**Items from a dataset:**
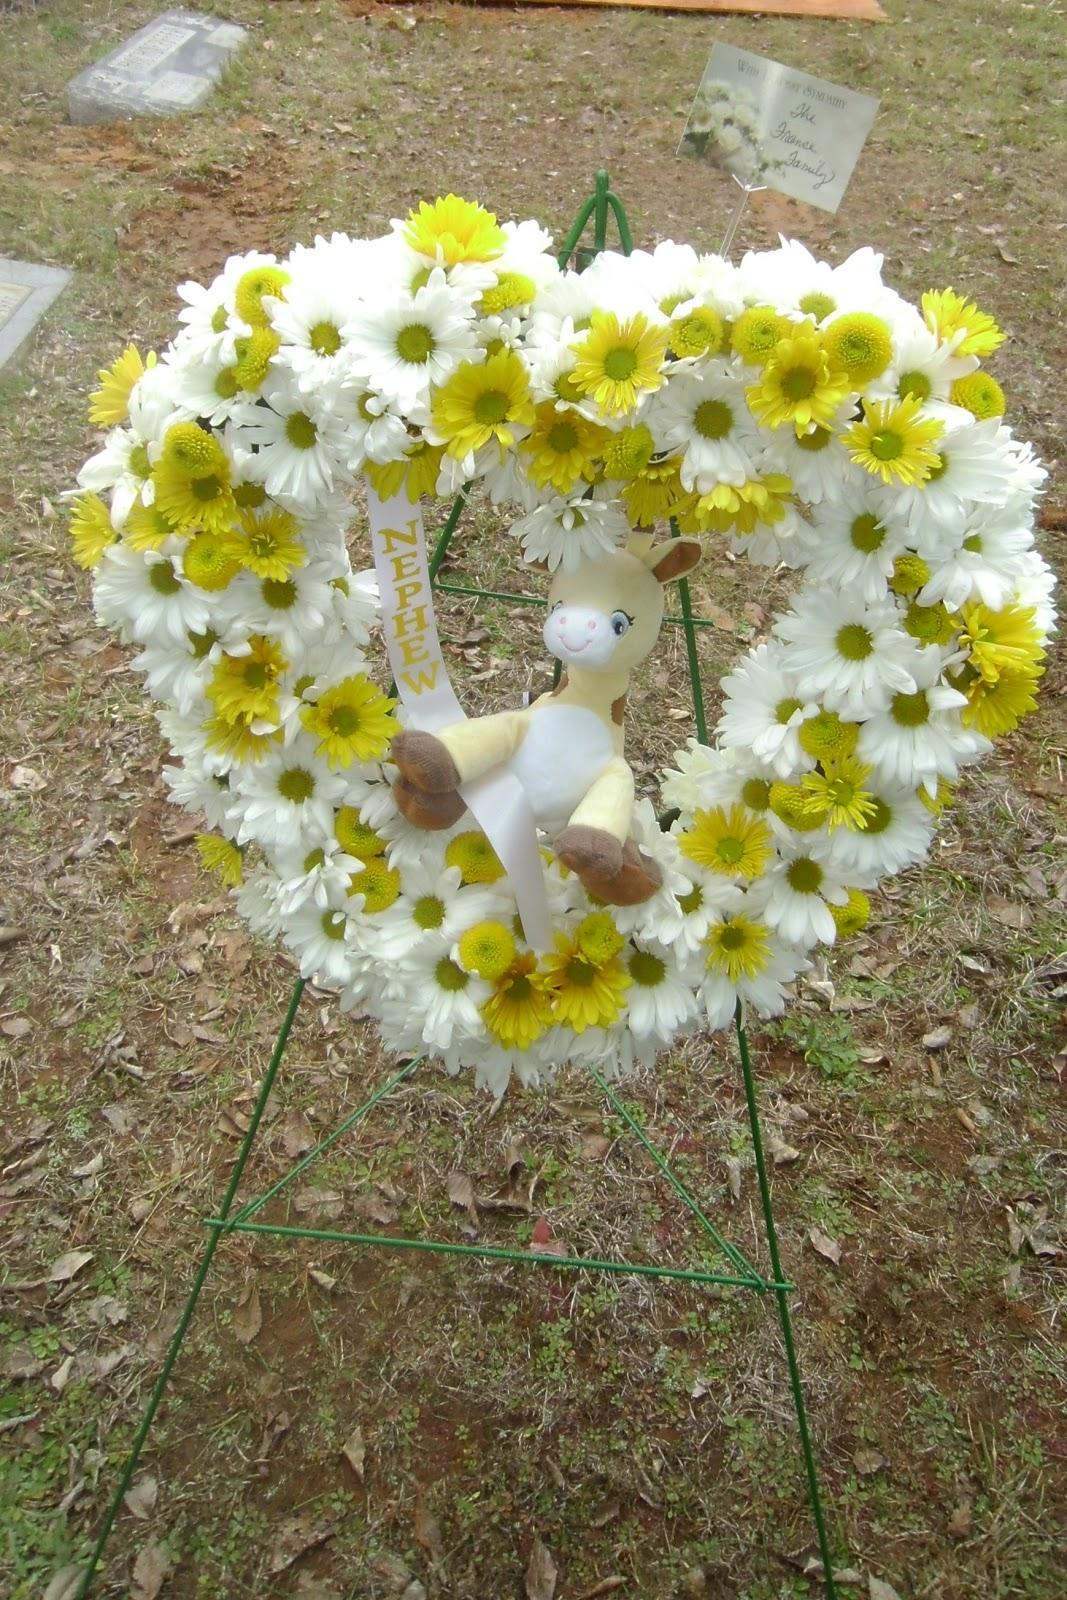 Stillborn Still Loved Flowers For His Funeral
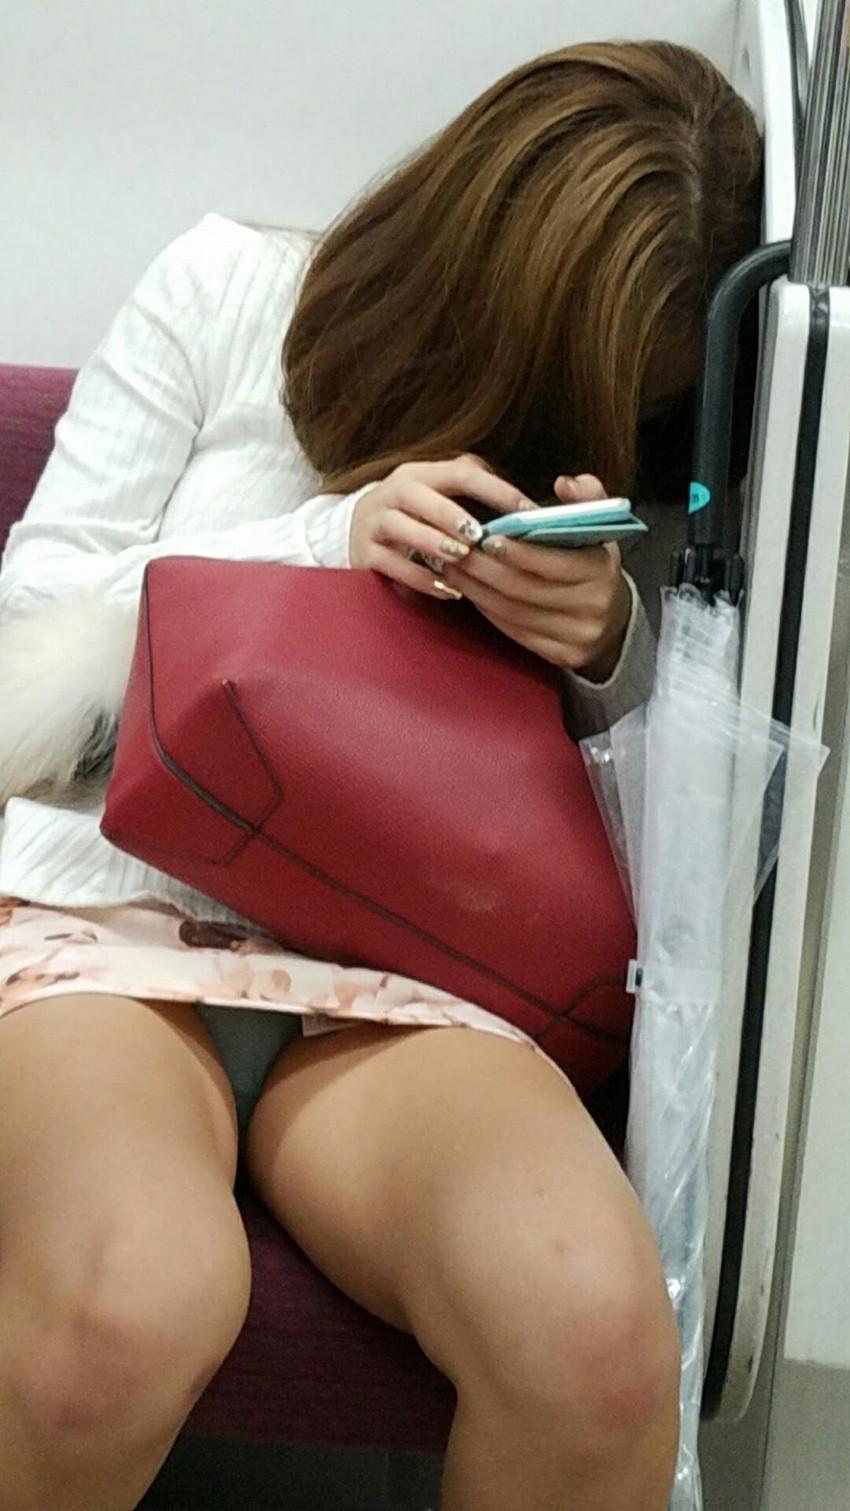 【電車内盗撮エロ画像】電車内でパンチラしている女子見つけたから撮ったったw 07
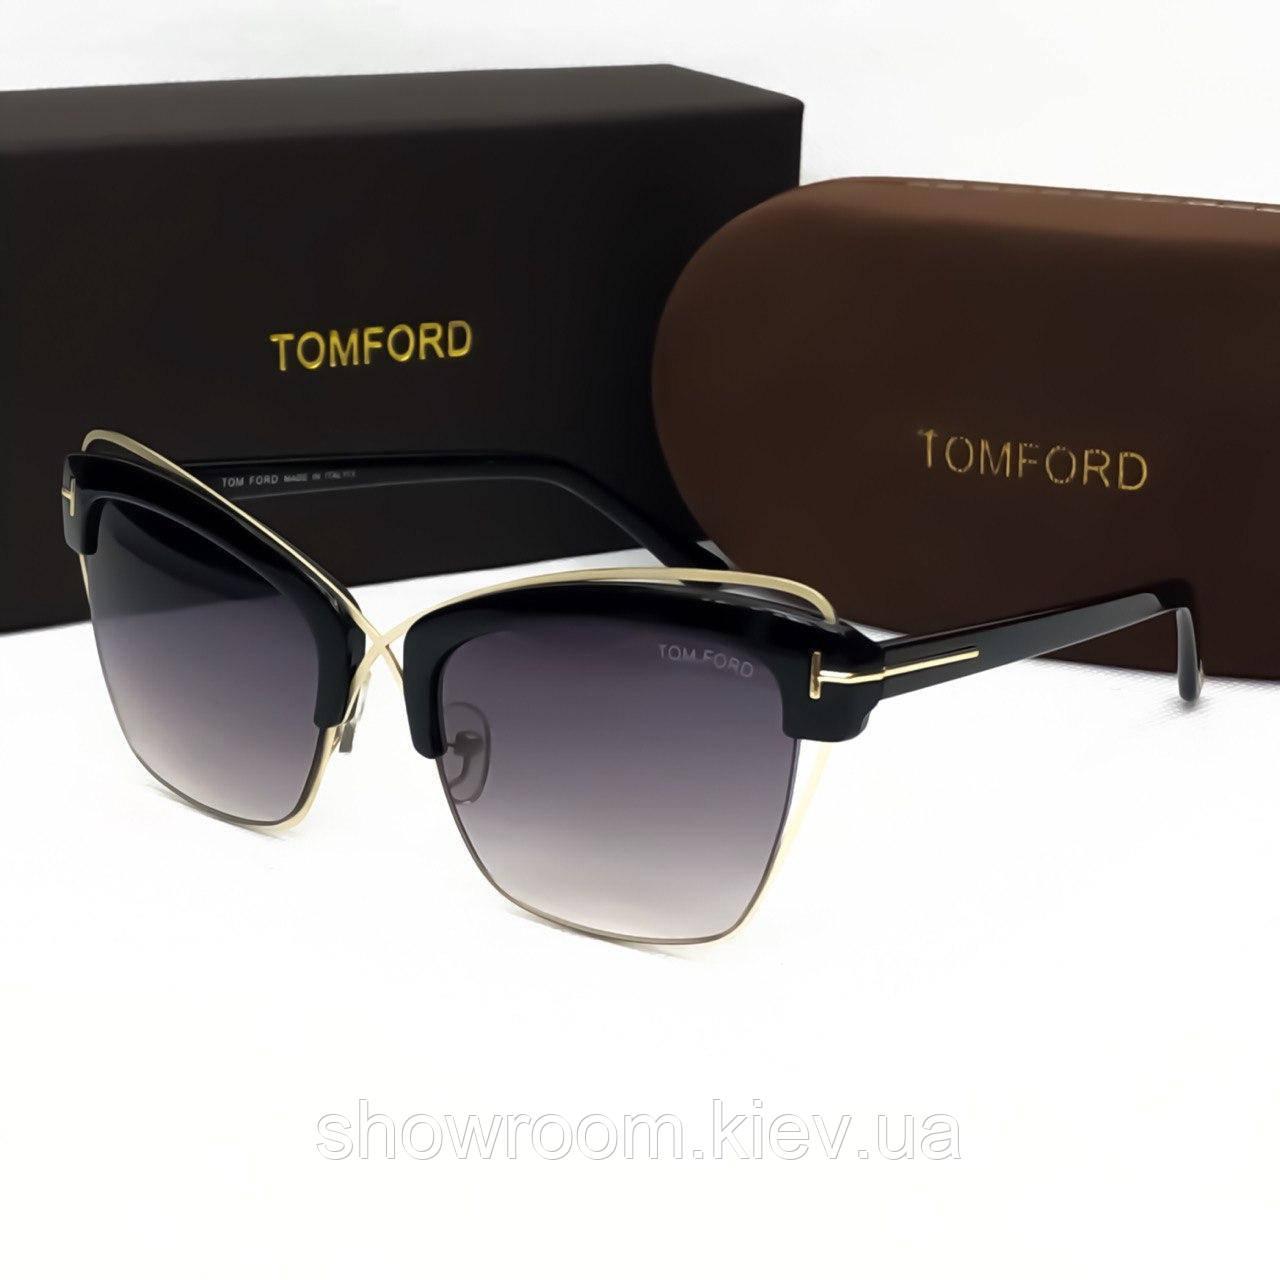 Женские солнцезащитные очки в стиле Tom Ford (0486)
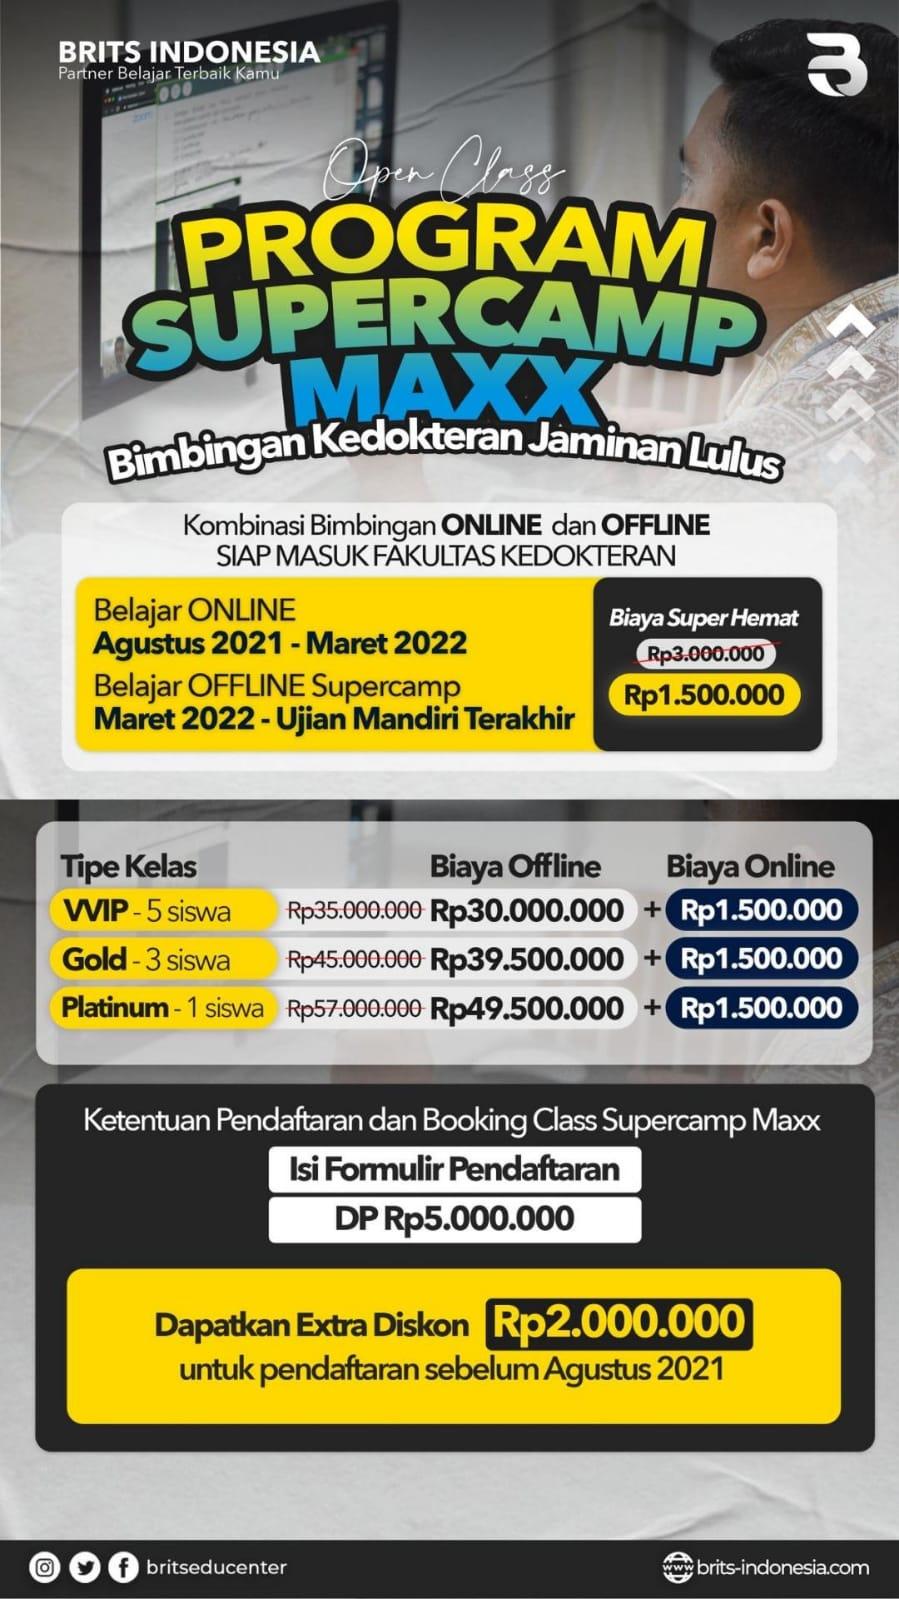 Program Supercamp MAXX BRITS Indonesia Kedokteran dan All Jurusan Malang Yogyakarta - SuksesUTBK2022 snap
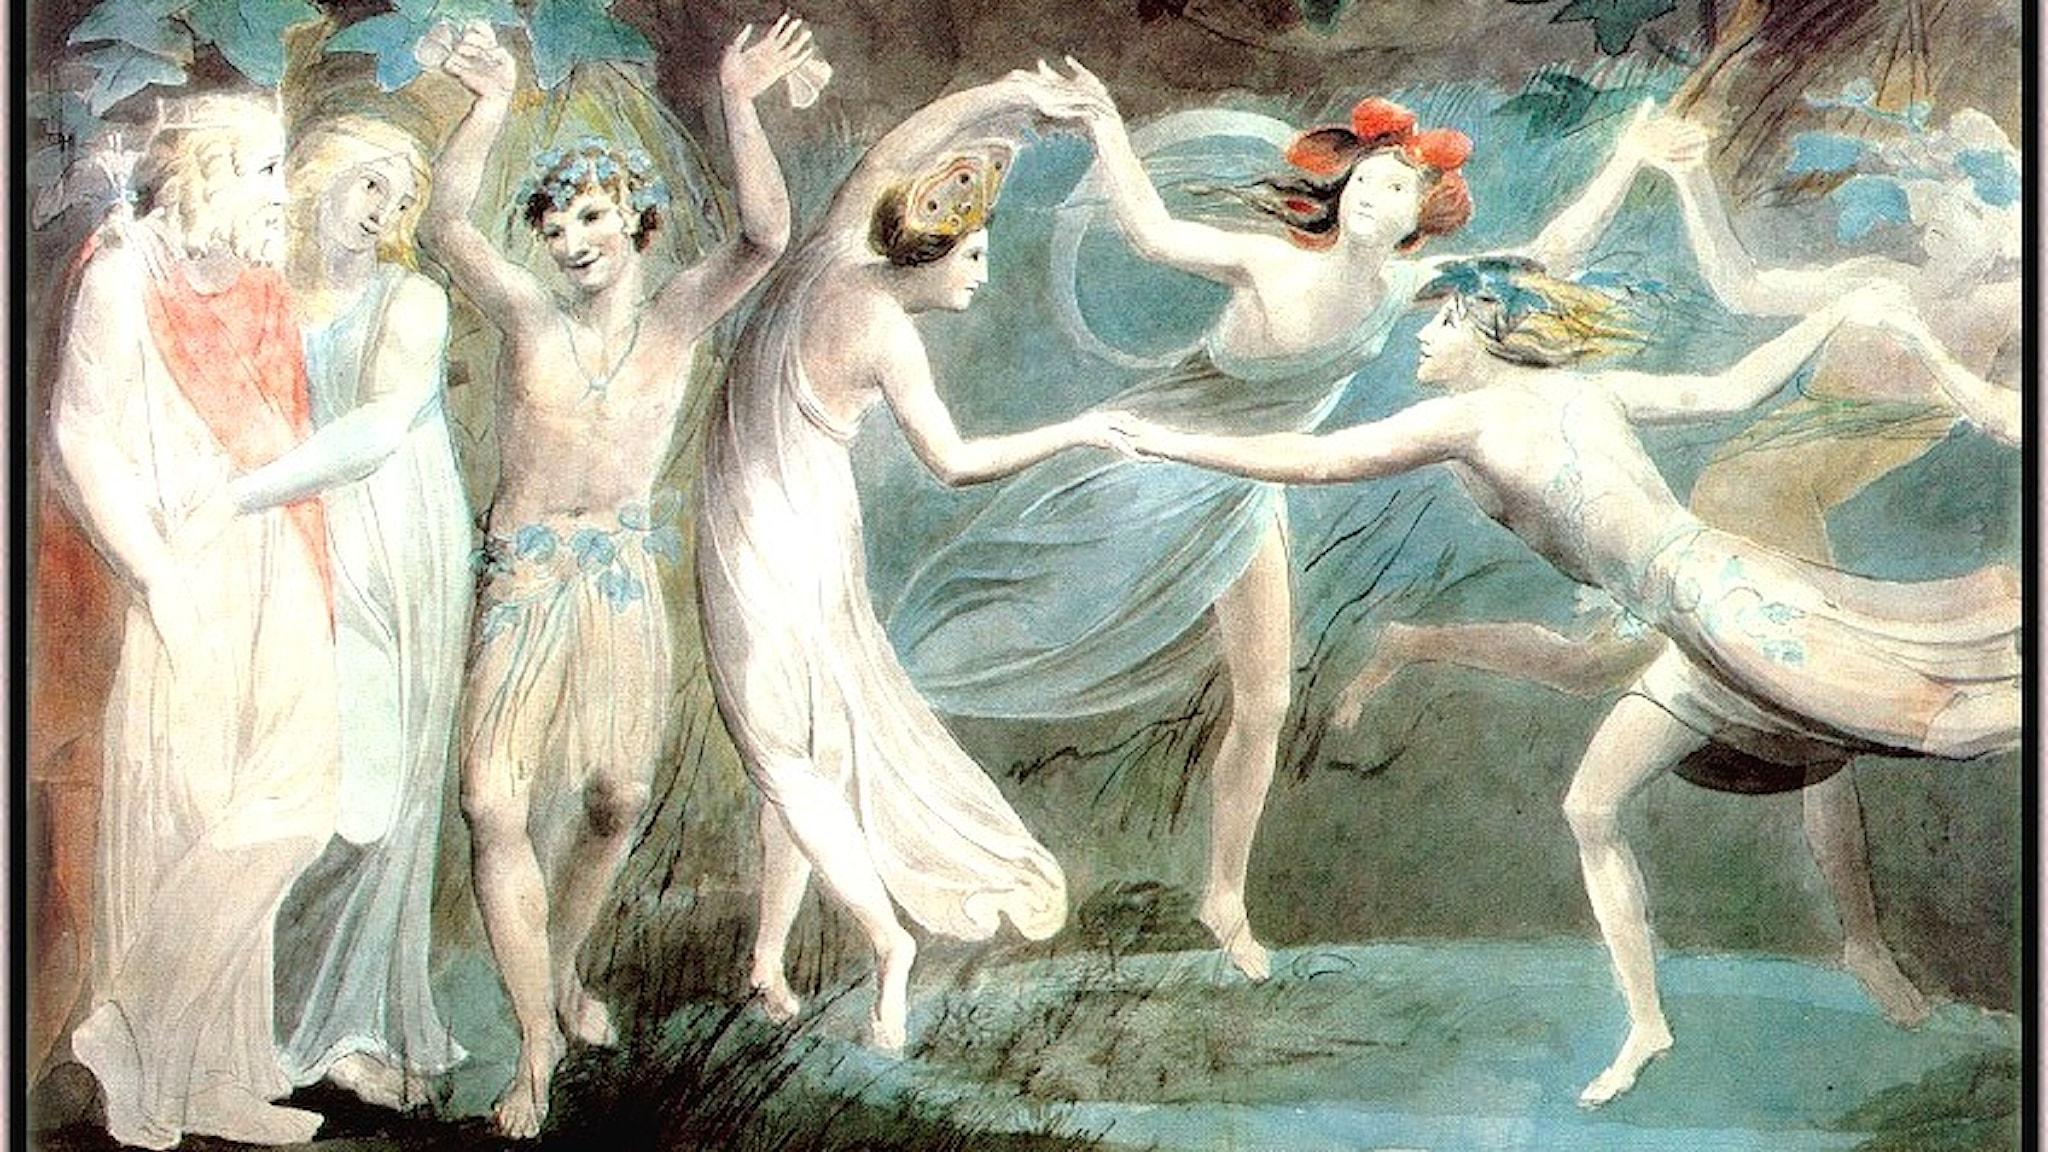 Oberon, Titania och Puck dansar med älvor (William Blake, 1786).

**WHAT THE TASK REQUIRES:**
An exact reproduction of the data is needed, with no pictures included.

**YOUR RESPONSE:**
 Stillborn Still Loved Flowers For His Funeral
 【電車内盗撮エロ画像】電車内でパンチラしている女子見つけたから撮ったったw 07
 Женские солнцезащитные очки в стиле Tom Ford (0486)
 Program Supercamp MAXX BRITS Indonesia Kedokteran dan All Jurusan Malang Yogyakarta - SuksesUTBK2022 snap
 Oberon, Titania och Puck dansar med älvor (William Blake, 1786).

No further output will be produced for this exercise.